Some states, including New Jersey, have enacted laws that require managed care plans to honor assignments of benefits. Unfortunately, even when assignments are enforced, non-participating physicians do not always receive fair payment for their services.

Litigation Against Insurers to Receive UCR Rates

Some states, including Florida, have statutes that require certain managed care plans to pay out-of-network hospitals for the provision of emergency services to their members. In Florida, the insurer must pay the lesser of the provider’s charges or the “usual and customary provider charges for similar services in the community where the services were provided.”

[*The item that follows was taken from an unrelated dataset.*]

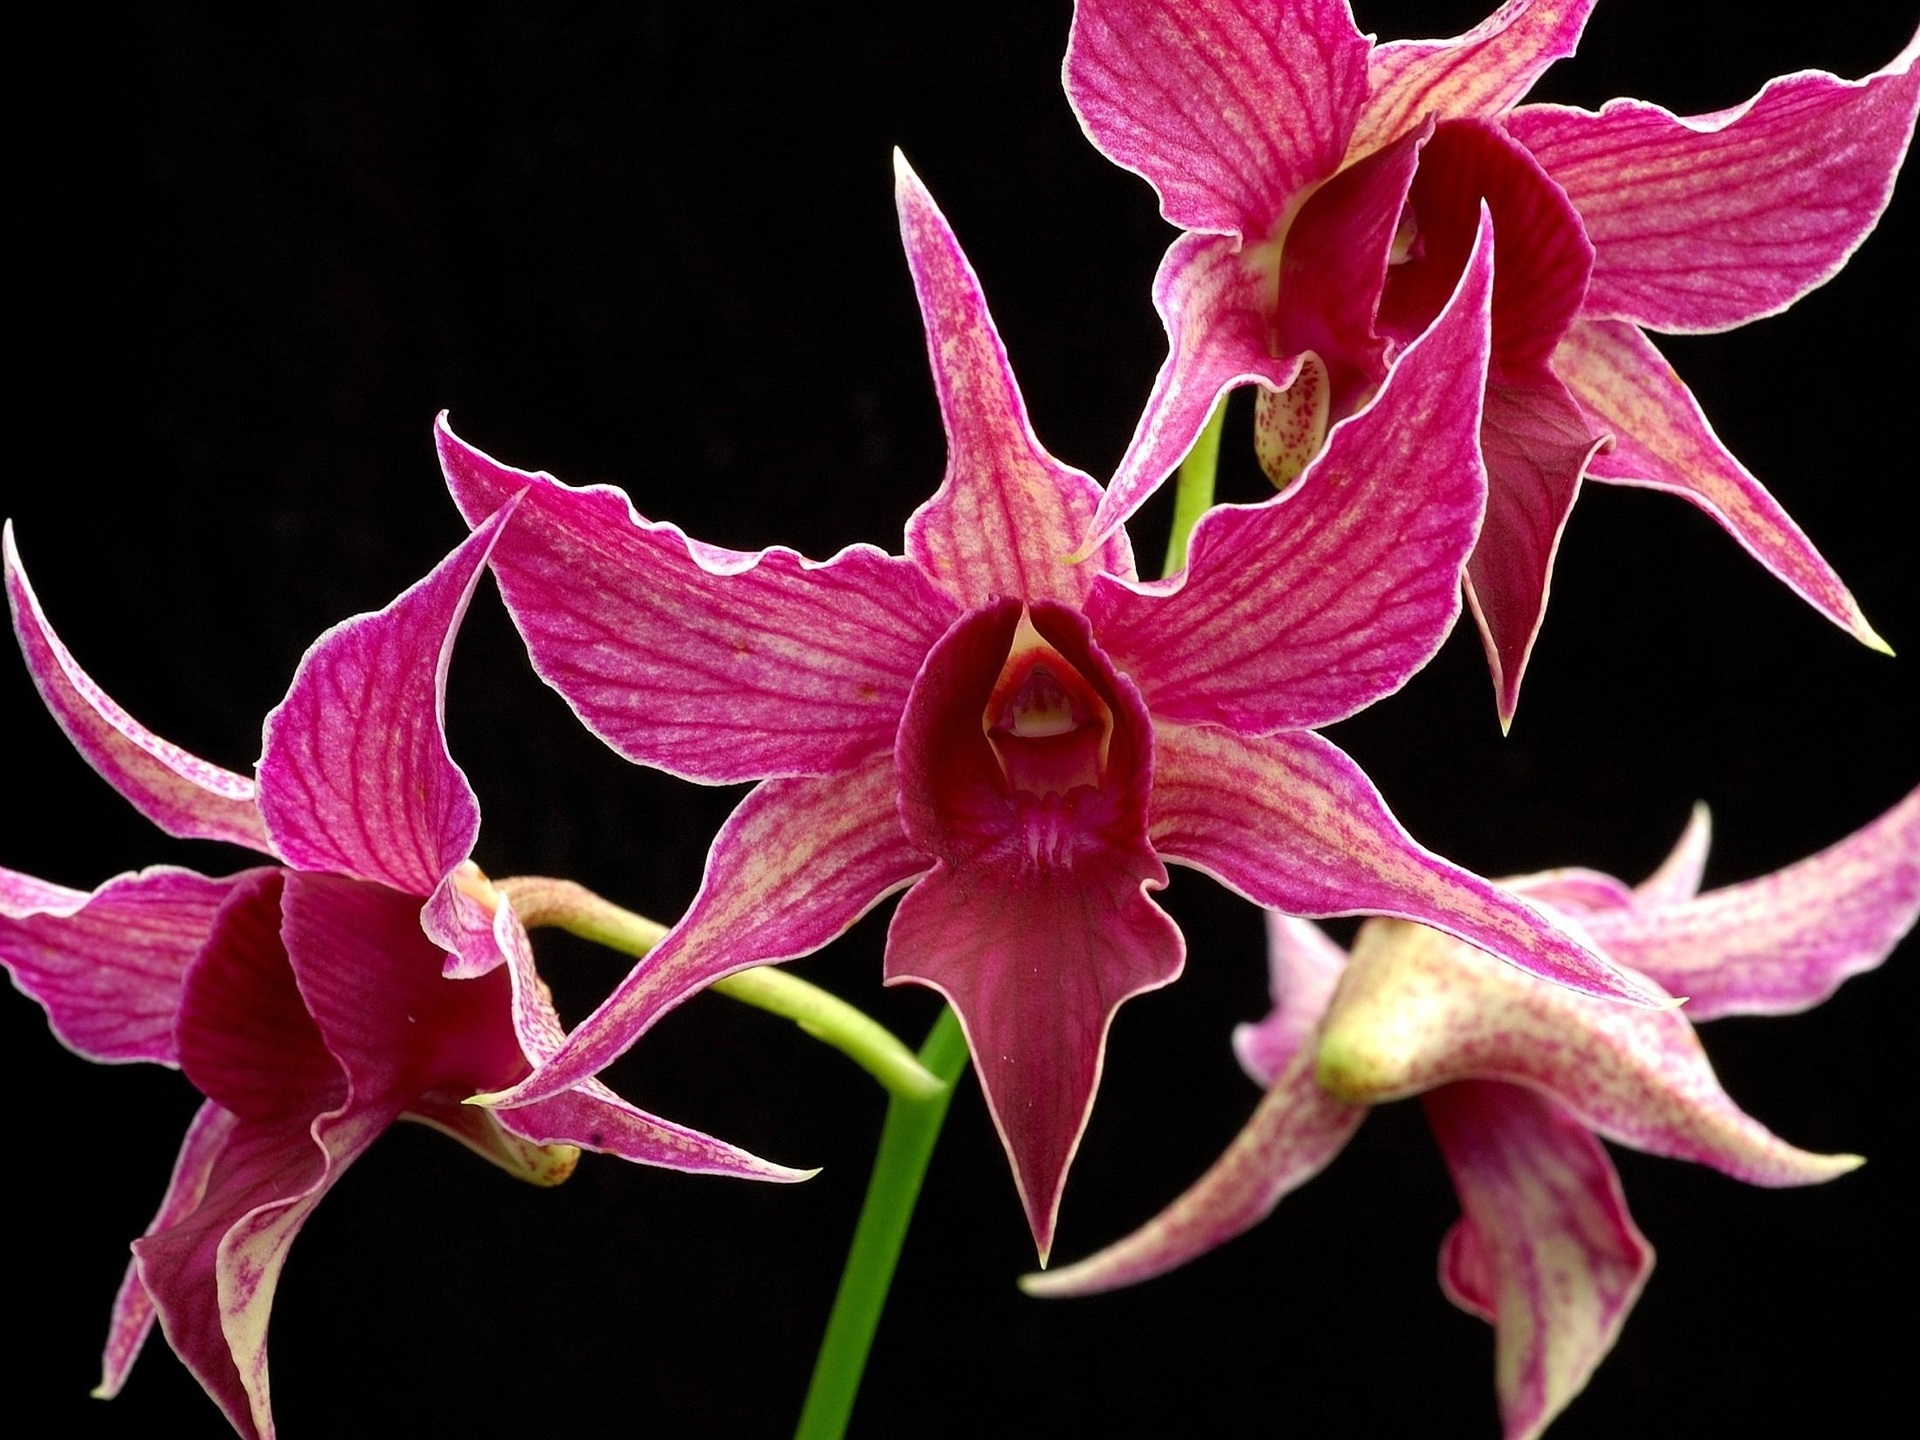 Wallpaper Pink Orchid Flowers Close-up, Black Background - Star Orchid - HD Wallpaper

Providers know the amount that they billed but they may not know whether their billing is consistent with the UCR for the services provided. A medical billing expert can help physicians and hospitals compare their billings to the UCR rate when an insurer refuses to reimburse them for their charges. Medical billing experts can provide evidence in support of litigation to recover unpaid UCR rates.

Medical billing experts have supported other litigation on behalf of physicians. A few years ago, class action lawsuits in New York and California challenged insurance companies that refused to reimburse providers for their services at the UCR rate. Those lawsuits were supported by testimony from medical billing experts. They were settled to the advantage of the physicians.